De-extinction, the concept of creating an animal similar to an extinct species, through genetics, is not unanimous among the scientific community. Some researchers doubt its usefulness or worry about the risks of its application.

Colossal, created by businessman Ben Lam and geneticist George Church, will attempt to insert DNA sequences from woolly mammoths (obtained from remains preserved in Siberian soil) into the genome of Asian elephants, in order to create hybrid species. On its website, the company says that the DNA of the Asian elephant and woolly mammoth is 99.6% similar.

Creating and reintroducing these snake hybrids into the tundra should make it possible to “restore vanished ecosystems, which could help curb, or even reverse, the effects of climate change,” Colossal predicts.

The modified Mammoth Woolley could “give new life to Arctic grasslands,” which, according to the company, captures carbon dioxide and removes methane, two greenhouse gases.
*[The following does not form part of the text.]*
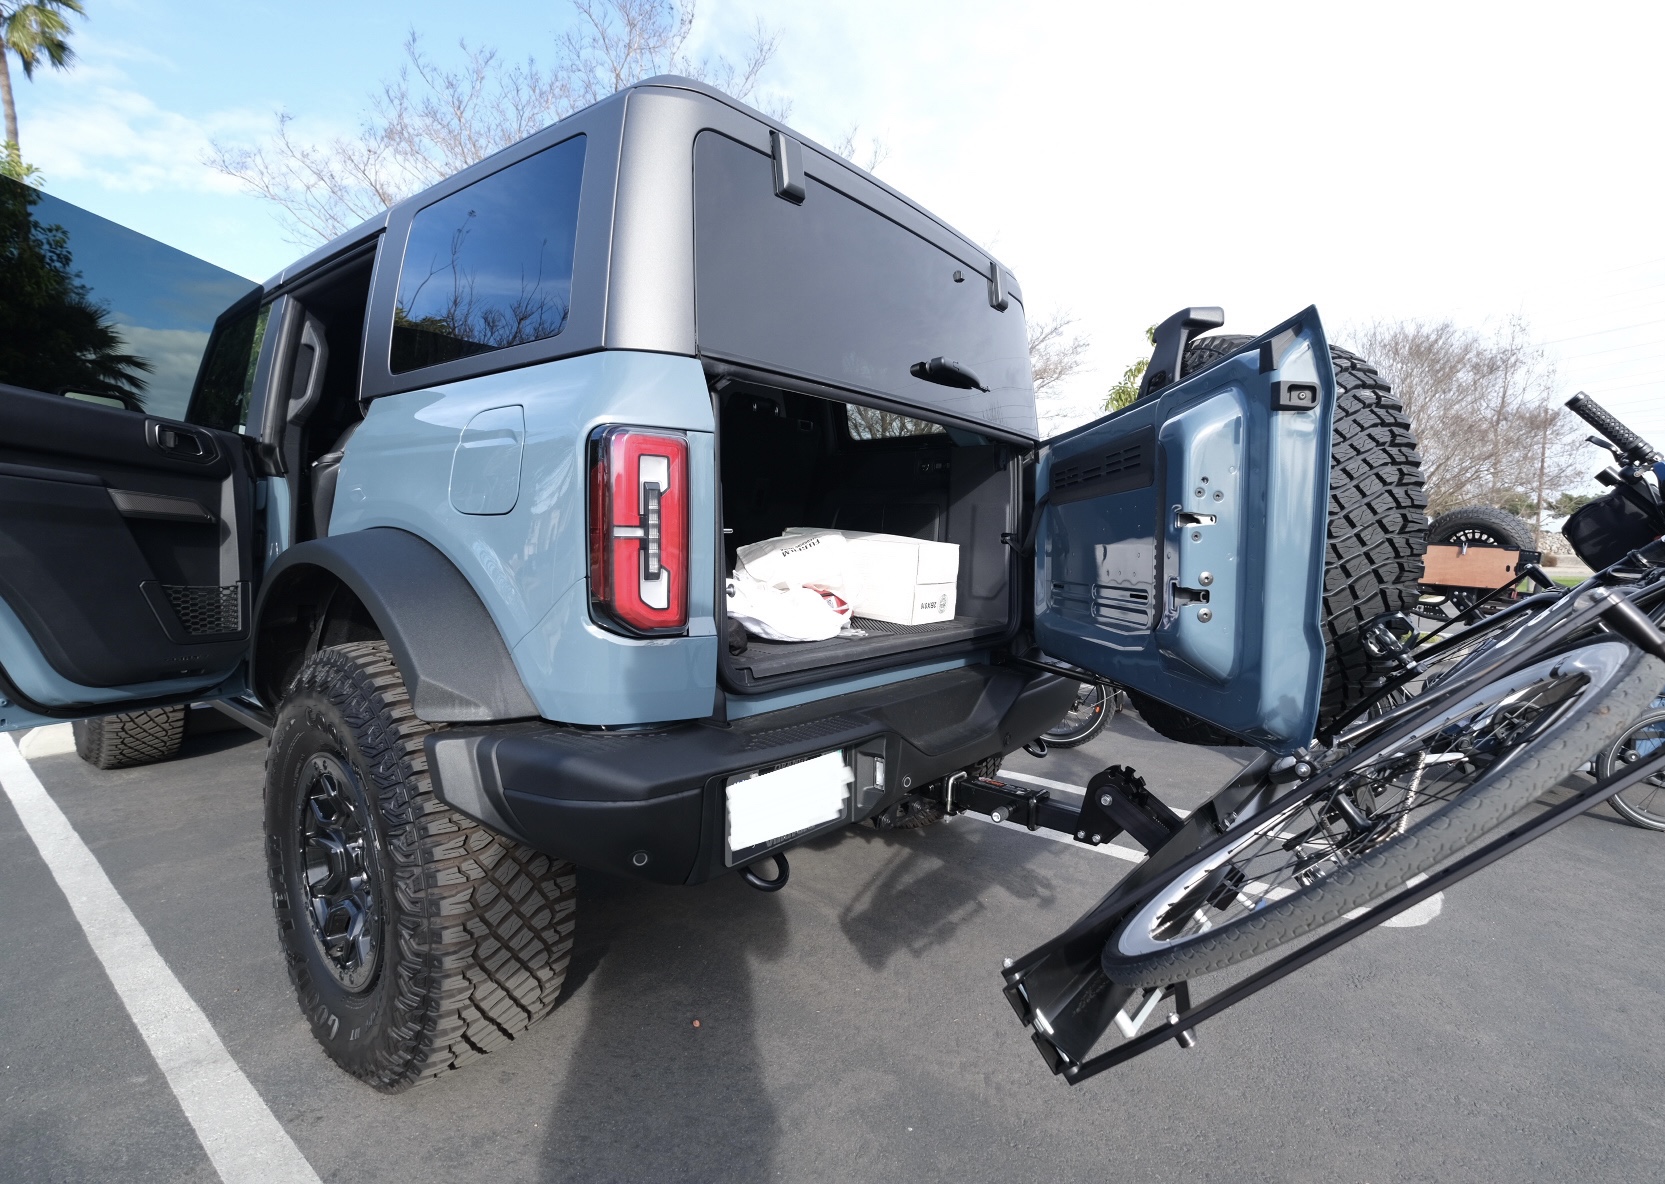 Ford Bronco Hitch Mount Bike Rack Options - Post your pics D9573AB6-813C-45FC-8EED-CB1E5277ACD0

The biotech company managed to raise $15 million in private money to achieve its goal, and some experts greeted it with skepticism. “A lot of problems will arise from this process,” biologist Beth Shapiro told the New York Times. “This is not extinction. There will be no mammoths on Earth again. If it succeeds, it will be a fictional elephant, an entirely new, synthetic and genetically modified organism,” writes Tori Heridge, a biologist and paleontologist at the Museum of Natural History. in London.